This has been a big month for abortion rights. In North Dakota, where there is only one abortion clinic, a District Court judge voided a two-year-old set of state restrictions on the use of medications to induce first-trimester abortions. And in Mississippi last Monday, a federal judge blocked some elements of state law intended to shut down the state’s only abortion clinic.
But make no mistake: The competition to shut down “the last clinics” in states with only one clinic is ongoing; call it The Red State Derby. In Mississippi, Arkansas, North Dakota, South Dakota and Wyoming, pro-life groups such as 40 Days for Life are working to bring about “the first abortion-free state where abortion is legal but it’s simply not available.”
Forty years after Roe v. Wade made abortion a constitutional right across the nation individual states are staging subtle and not-so-subtle insurrections, aiming to be the first clinic-less state.

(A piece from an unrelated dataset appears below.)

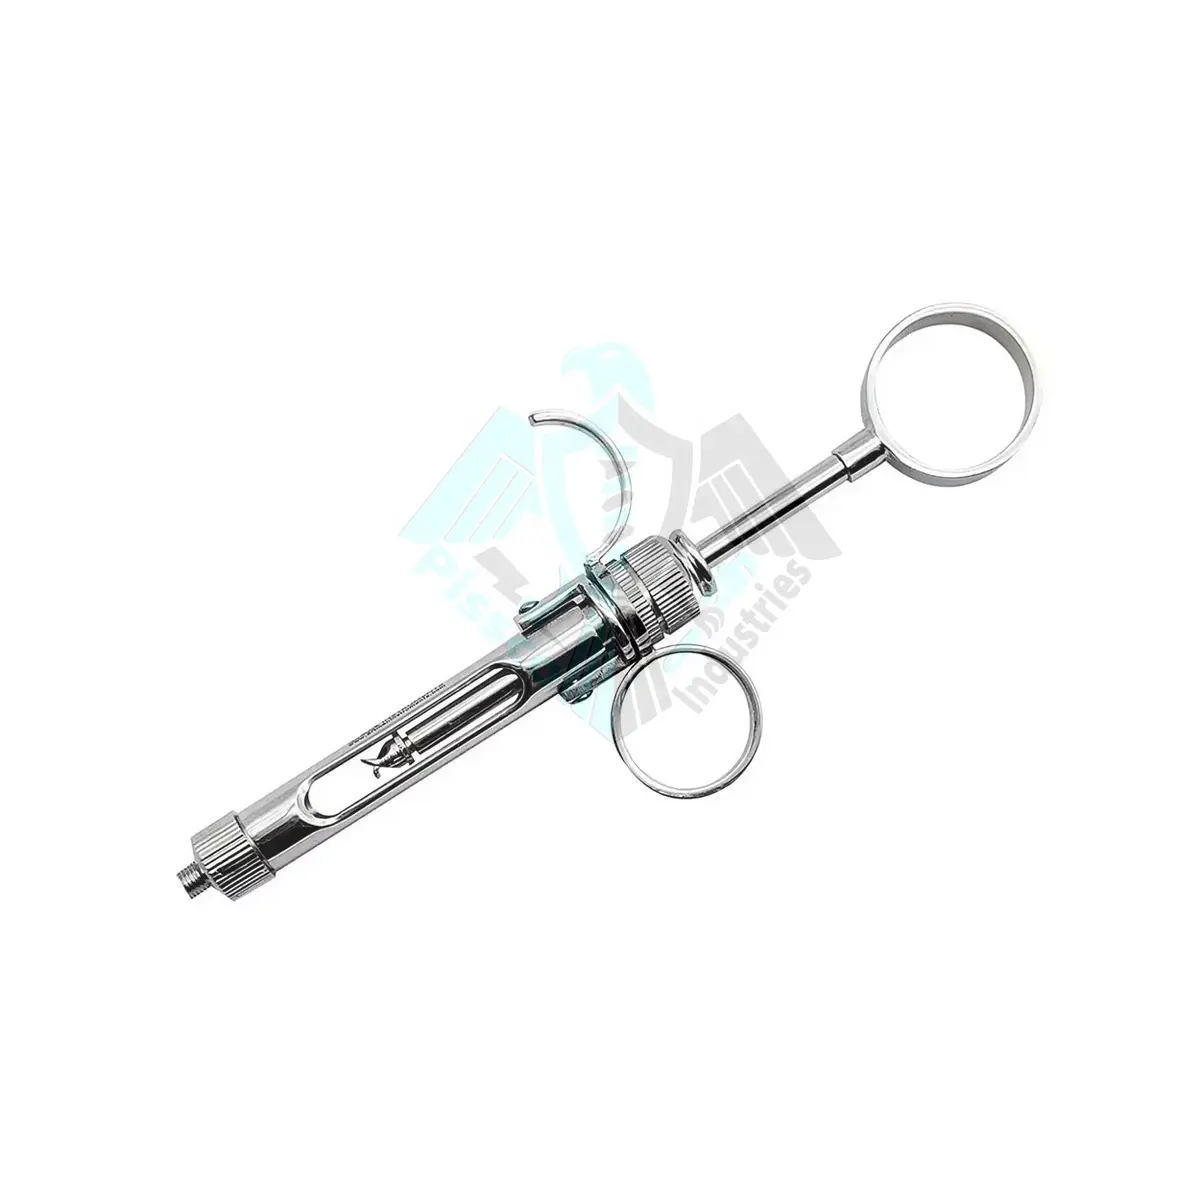 Dental Surgical Manual Aspirating Syringe 1.8ml | Dentistry Anesthesia Carpule Type Syringe

This session, Arkansas passed a ban on abortions after 12 weeks with very limited exceptions. It briefly had banned any abortions after six weeks, according to Julie Rikelman, litigation director at the Center for Reproductive Rights. As Rikelman told me, North Dakota was not to be outdone by Arkansas. So North Dakota recently passed a ban on abortion at six weeks (which is when a fetal heartbeat can be detected) that hasn’t yet taken effect.

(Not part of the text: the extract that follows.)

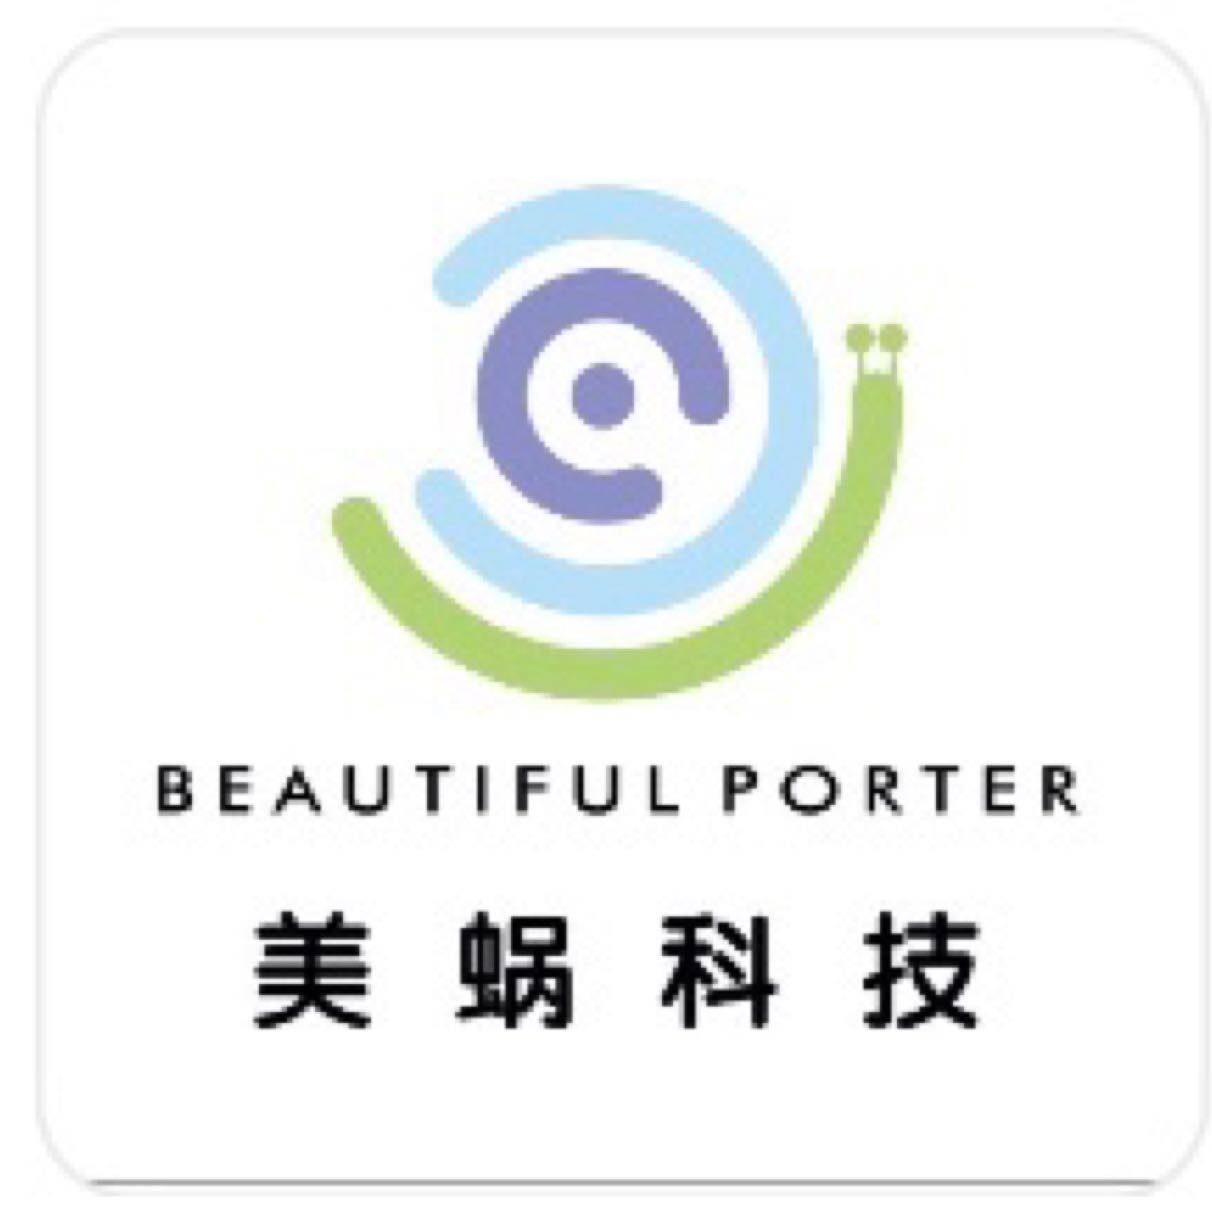 惠州市美蜗贸易发展有限公司logo

In Mississippi, the Red State Derby started to intensify in the spring of 2012. That was when the doctors at Jackson Women’s Health Organization, an abortion clinic in Mississippi’s state capital, were pressured to get admitting privileges at local hospitals. This was impossible: No local hospital would offer the clinic’s two doctors such privileges because the doctors fly in from out of state (partially for their own safety) and thus have no particular relationships with hospitals in the area. Privileges are typically only granted in-state. This pressure simply intensified other prohibitions — that parents of a minor must provide consent; that women must come to the facility twice to get a procedure and wait 24 hours.